Assignment
Retype, without changes or pictures, only the lines that begin at the one containing "David Beckham kehrt" and end at the last line of the records that follow.
(Data)
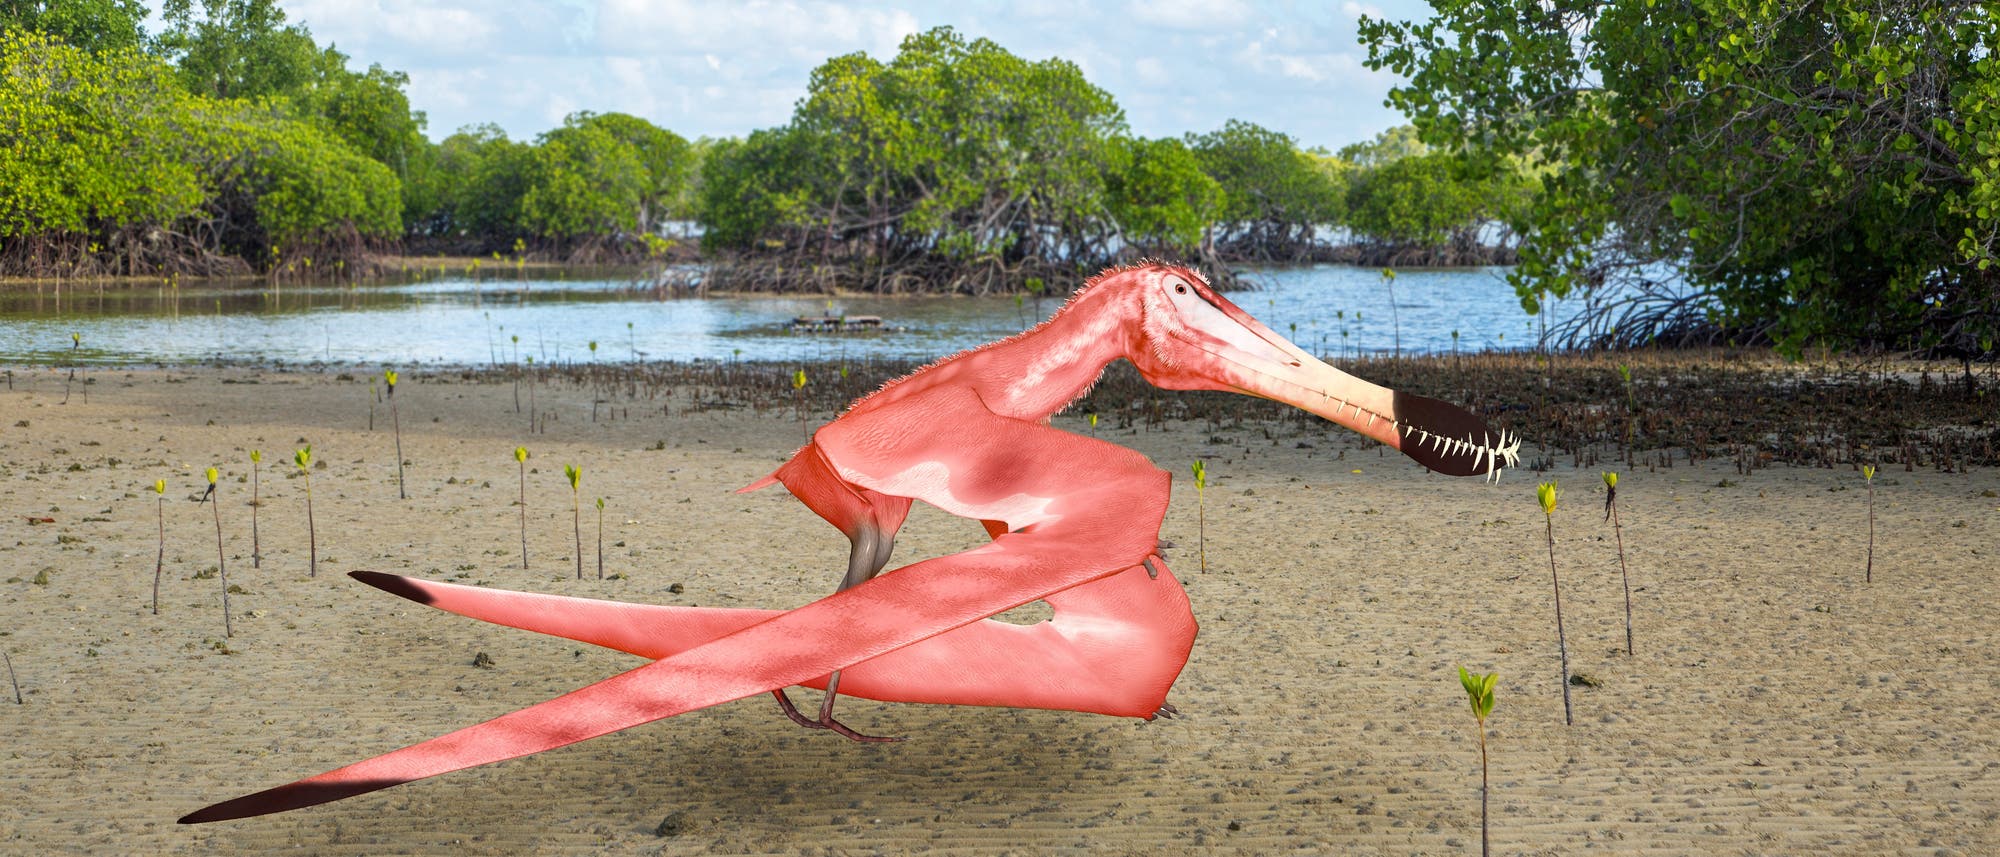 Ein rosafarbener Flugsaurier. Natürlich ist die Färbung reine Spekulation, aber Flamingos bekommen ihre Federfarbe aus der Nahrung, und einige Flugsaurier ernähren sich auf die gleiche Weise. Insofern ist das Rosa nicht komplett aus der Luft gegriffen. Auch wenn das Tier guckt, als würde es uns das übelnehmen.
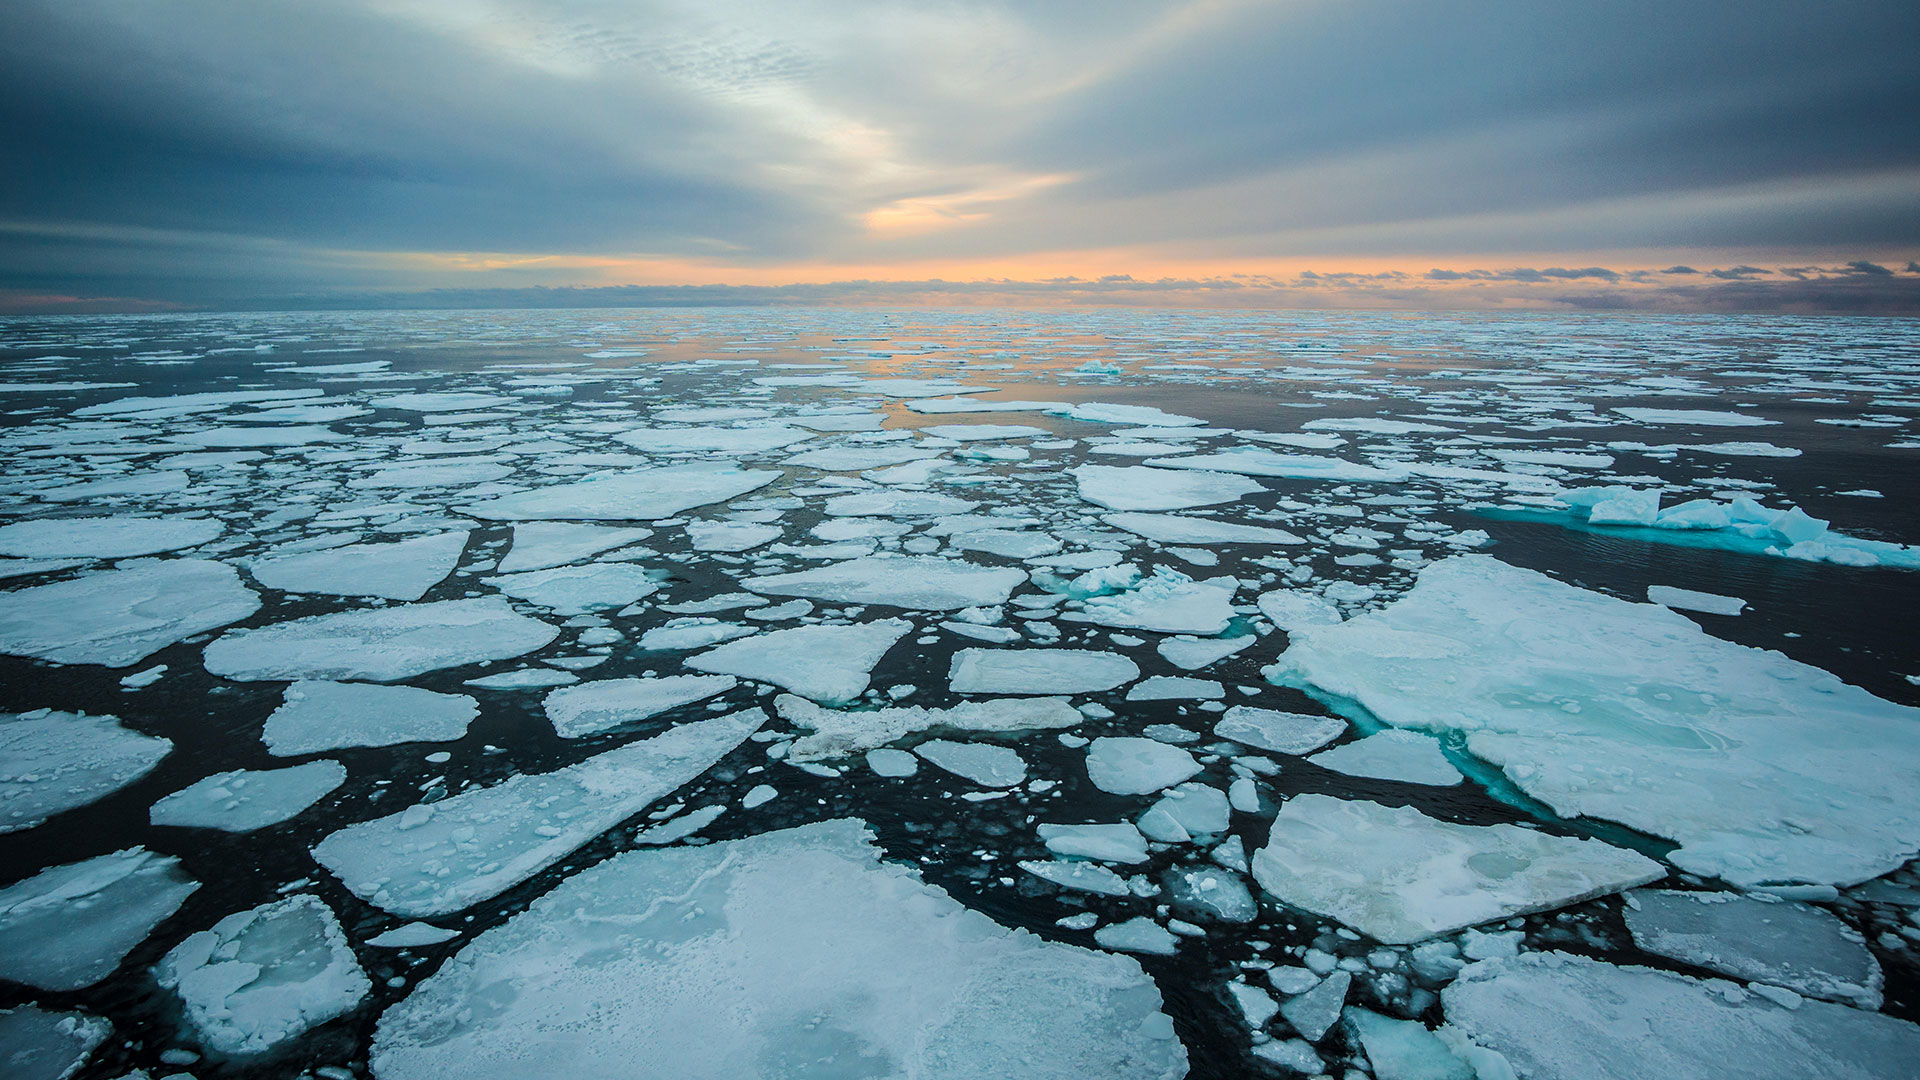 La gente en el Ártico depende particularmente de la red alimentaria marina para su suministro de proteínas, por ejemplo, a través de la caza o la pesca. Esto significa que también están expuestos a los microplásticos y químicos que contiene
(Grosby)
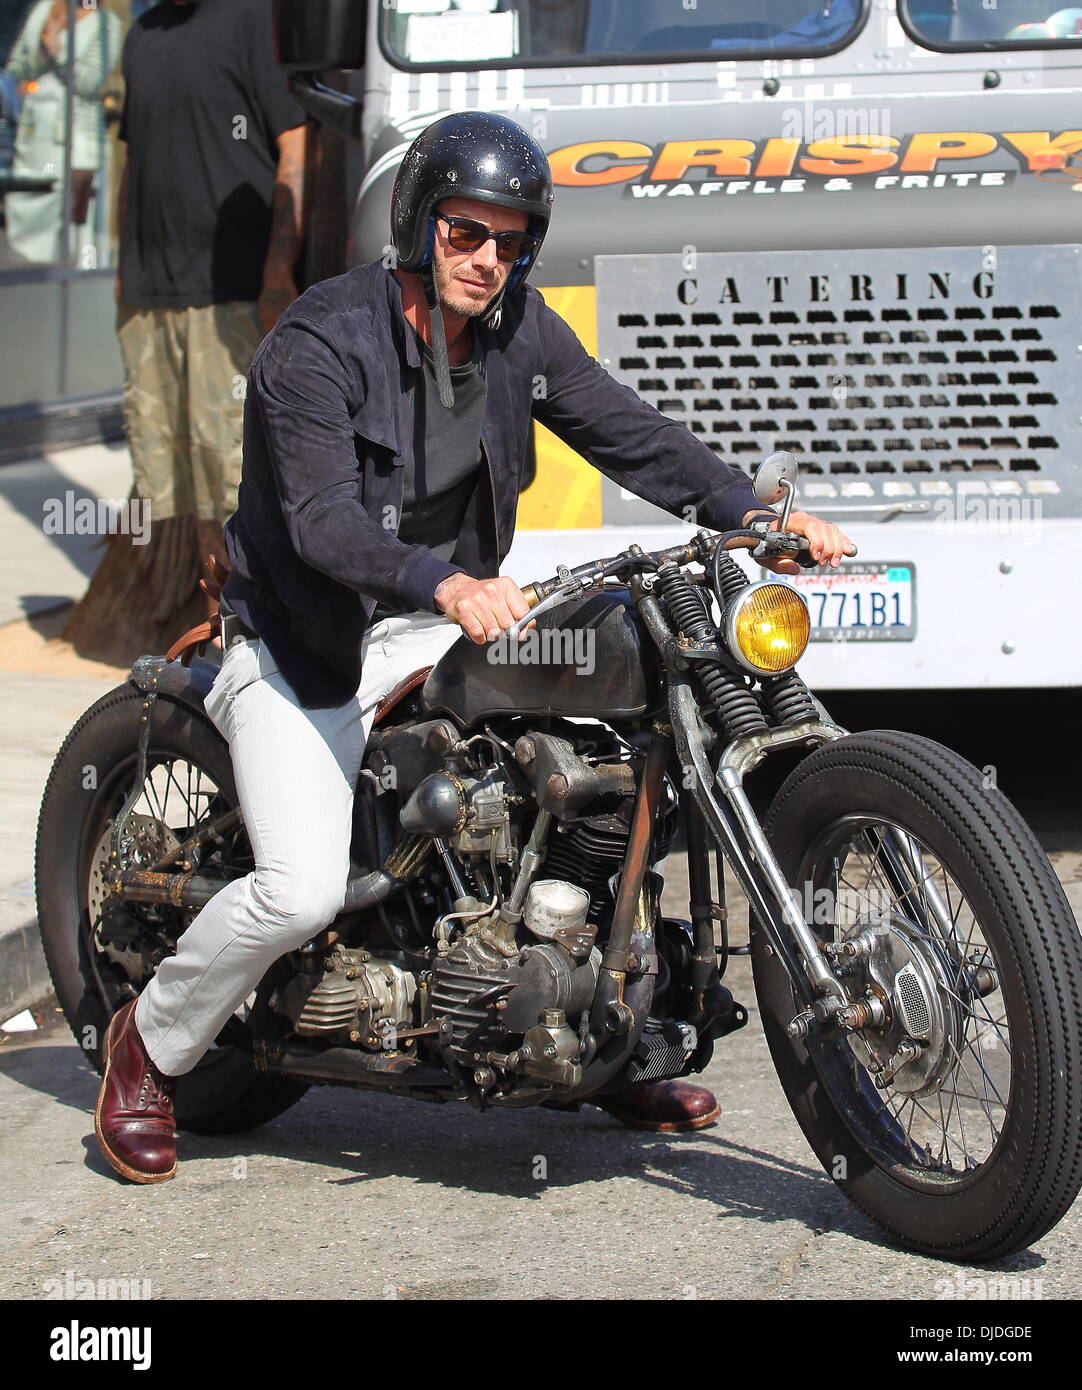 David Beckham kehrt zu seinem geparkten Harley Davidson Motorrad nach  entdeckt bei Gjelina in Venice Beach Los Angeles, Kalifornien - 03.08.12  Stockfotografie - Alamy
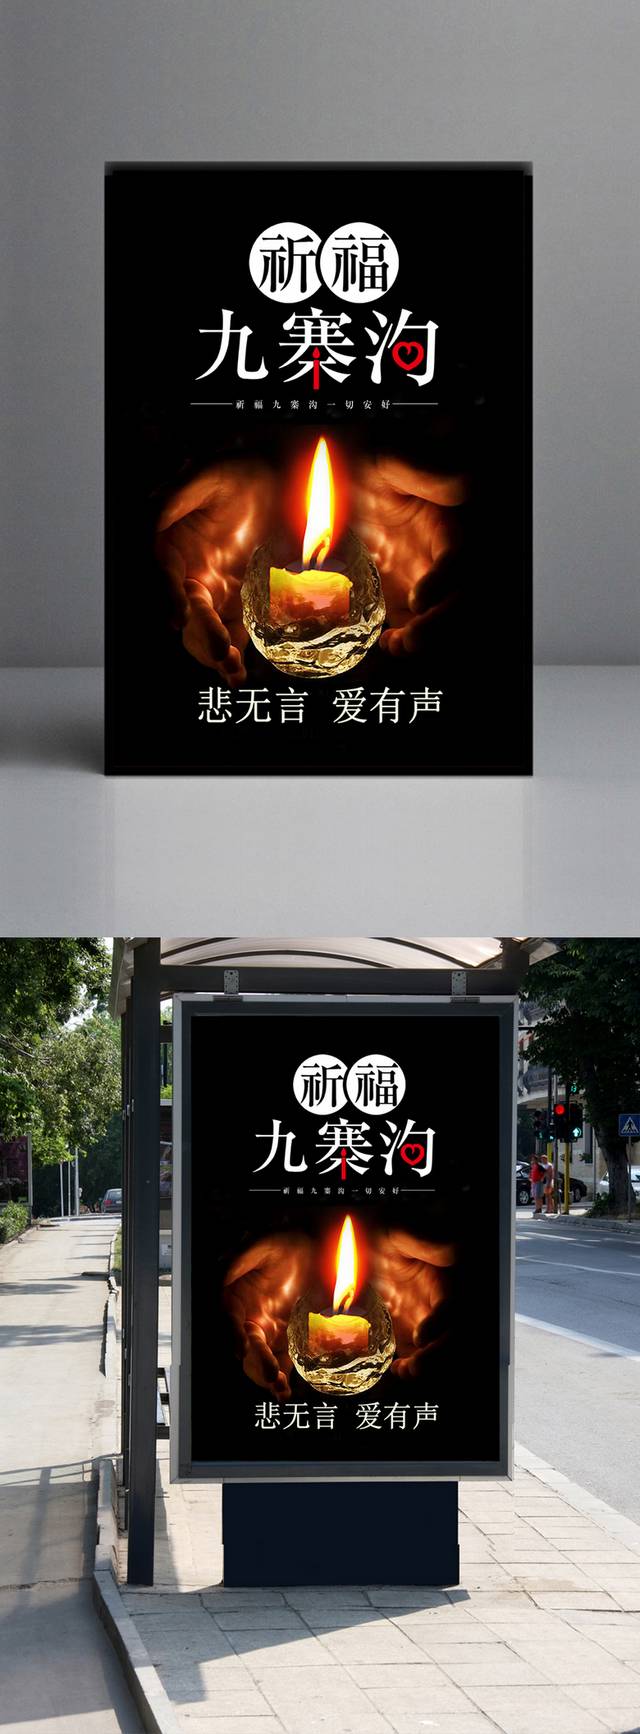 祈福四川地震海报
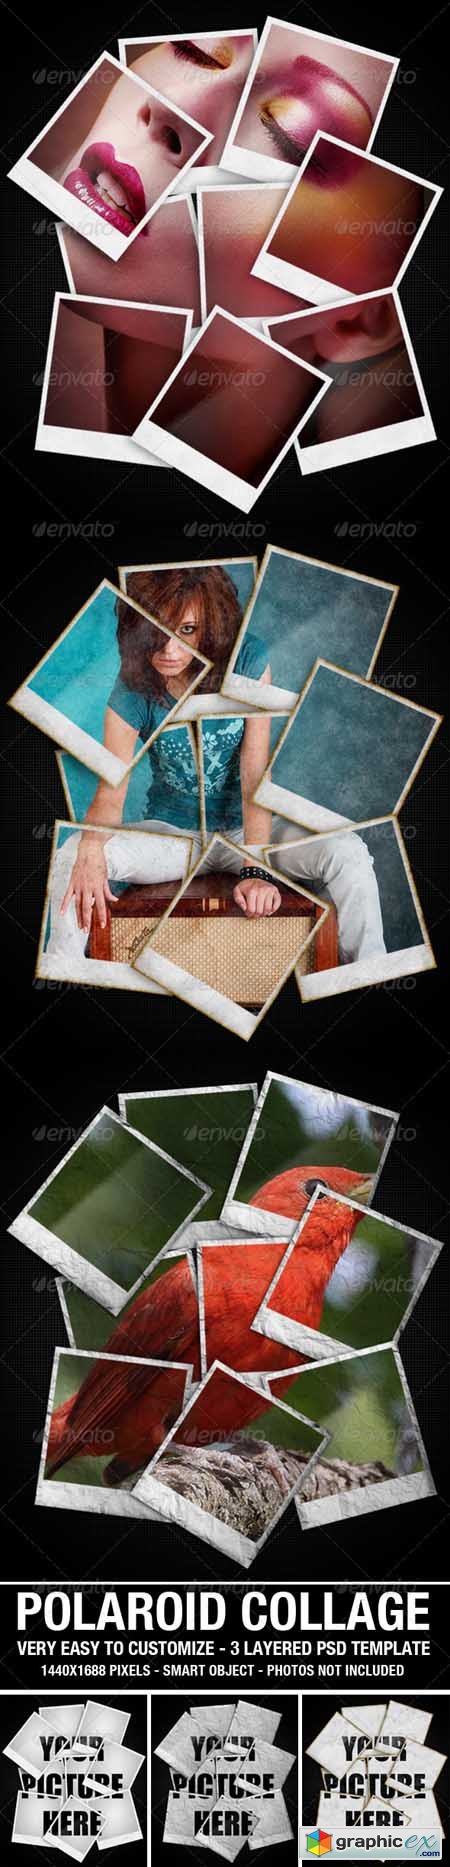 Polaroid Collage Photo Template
(End Data)
Written answer
 David Beckham kehrt zu seinem geparkten Harley Davidson Motorrad nach  entdeckt bei Gjelina in Venice Beach Los Angeles, Kalifornien - 03.08.12  Stockfotografie - Alamy
 祈福四川地震海报
 Polaroid Collage Photo Template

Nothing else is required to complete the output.